I have again come to appreciate the older style of vegetable--
sprawling, large framed, later maturing, longer yielding,
vigorously rooting. However, many of these old-timers have not seen
the attentions of a professional plant breeder for many years and
throw a fair percentage of bizarre, misshapen, nonproductive plants.
These "off types" can be compensated for by growing a somewhat
larger garden and allowing for some waste. Dr. Alan Kapuler, who
runs Peace Seeds, has brilliantly pointed out to me why heirloom
varieties are likely to be more nutritious. Propagated by centuries
of isolated homesteaders, heirlooms that survived did so because
these superior varieties helped the gardeners' better-nourished
babies pass through the gauntlet of childhood illnesses.

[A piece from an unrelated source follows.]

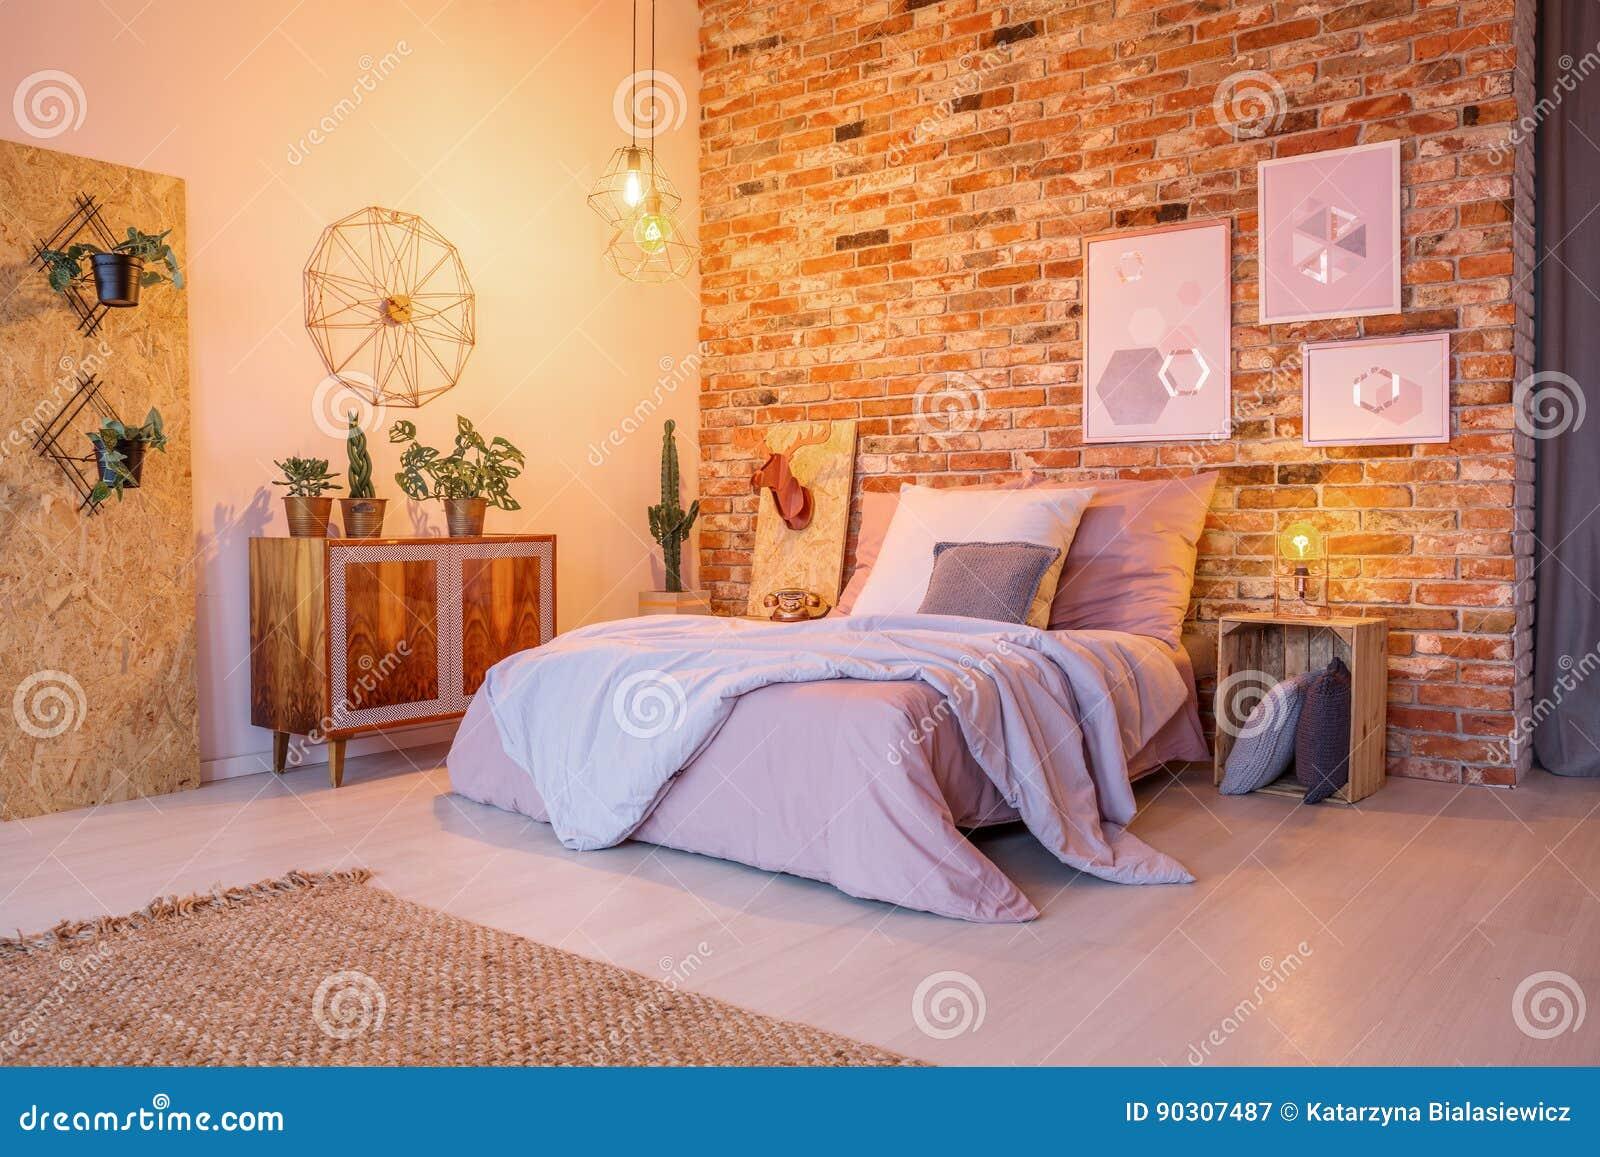 Sypialnia Z Drewnem I Cegłą Obraz Stock Obraz Złożonej Z

Plant Spacing: The Key to Water-Wise Gardening

Reduced plant density is the essence of dry gardening. The
recommended spacings in this section are those I have found workable
at Elkton, Oregon. My dry garden is generally laid out in single
rows, the row centers 4 feet apart. Some larger crops, like
potatoes, tomatoes, beans, and cucurbits (squash, cucumbers, and
melons) are allocated more elbow room. Those few requiring intensive
irrigation are grown on a raised bed, tightly spaced. I cannot
prescribe what would be the perfect, most efficient spacing for your
garden. Are your temperatures lower than mine and evaporation less?